As far as I understand any point that is on $$y=-4x+1$$ is a critical point, but how can I determine whether it is a local min, max or none?

Further more: By the implicit function theorem for each solution $$(x_0, y_0)$$ for the provided equation there is a single function $$y(x)$$ (assuming $$F'y(x_0, y_0)\neq 0$$ ) but in the question above I somehow supposed to find one function it doesn't make sense to me...

what am I doing wrong?

Thanks !!

$$y^2 + 2 x y = 2 x - 4 x^2\to y^2+4x^2+2x y-2x=0$$

which is an ellipse so the maximum and minimum are determined at the tangent points between

$$y^2+4x^2+2x y-2x=0\\ y=\lambda$$

or

$$\lambda^2+4x^2+2x\lambda-2x=0$$

or solving for $$x$$

$$x = \frac 14\left(1-\lambda\pm\sqrt{1-2\lambda-2\lambda^2}\right)$$

but tangency implies on

$$1-2\lambda-2\lambda^2 = 0\to\lambda = \{-1,\frac 13\}$$

Here you already have $$y = -4x+1$$, just plug the $$y = y(x)$$ back in the original $$y^2 + 2xy = 2x - 4x^2$$ and solve for $$x$$.

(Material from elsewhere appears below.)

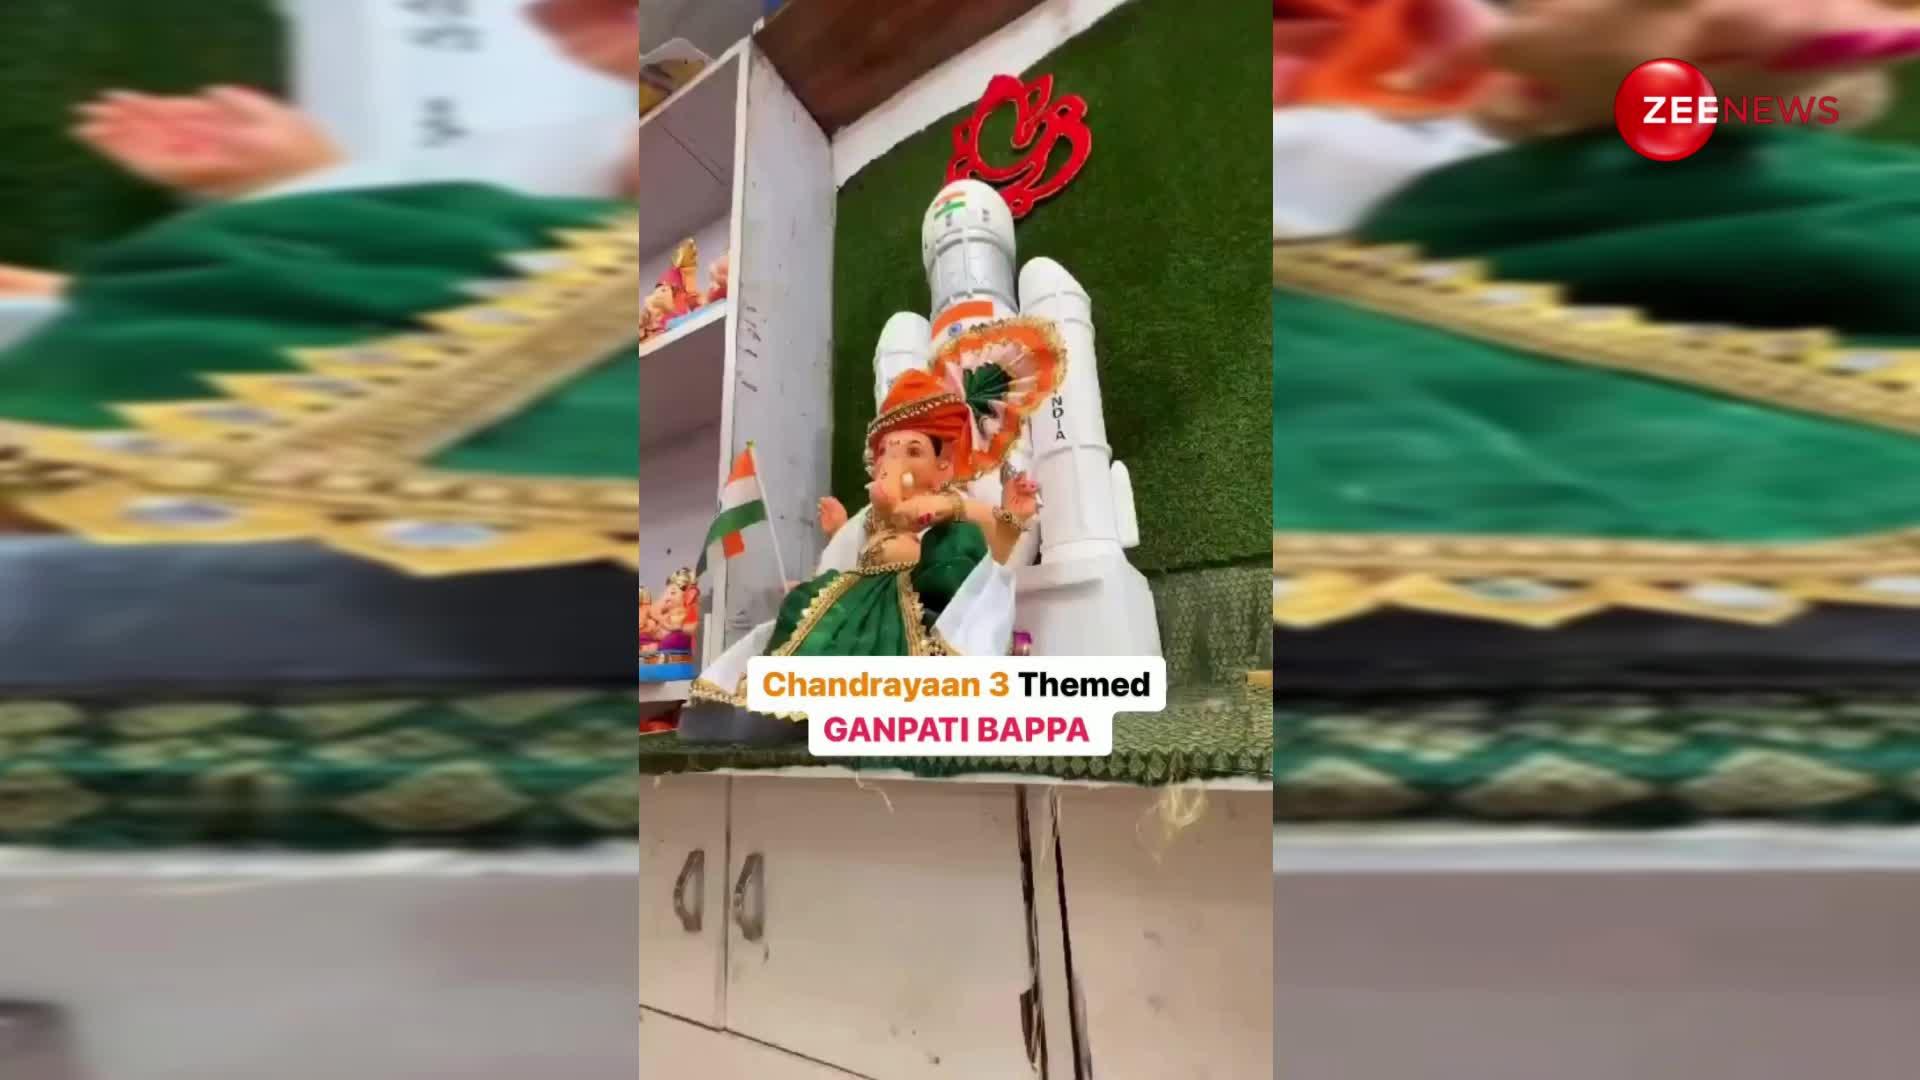 Chandrayaan-3 की थीम पर दिखी गणेश जी की मूर्ति, वीडियो हुआ वायरल

There might be zero or two real solutions to $$x$$. If there are two (including a single solution with multiplicity of $$2$$), those are the points on the curve.

These are the critical points defined by having an asymptote OR tangent line in some direction, including horizontal. (what you did was effectively letting $$\frac{dy}{dx} = 0$$ via setting $$F_x = 0$$)

If there is no real solution, see the next section after the dividor.

Next you should do the same by setting $$F_y = 0$$, which might give you another set of critical points defined by asymptote or tangent line (perhaps vertical).

It is a standard procedure and you should check both $$F_x =0$$ and $$F_y = 0$$. You can get some accurate information without making a precise plot.

When the points satisfy both $$F_x = 0$$ and $$F_y = 0$$, then $$\frac{dy}{dx} = \frac00$$ is undetermined (by that formula you use), which means the asymptote (or tangent line) defining the critical point is neither horizontal nor vertical.

The given equation is a quadratic curve (a.k.a. conic section) that is either an ellipse (including circle), a parabola, or a hyperbola (a pair of arcs).

There's a standard way to categorize a quadratic equation via its discriminant with precal methods. See wiki or Wolfram Mathworld.

Note that a general parabola has one tangent line with a single critical point which $$x$$ is a single root with multiplicity of $$2$$.

If it's an ellipse (which happens to be the case here), there are always 4 such critical points on the curve to let you "sort" as per the requirement.

A hyperbola always have $$4$$ such critical points "at the infinity" defined by the asymptotes. This is the case where there is no real solution when you plug $$y = y(x)$$ back.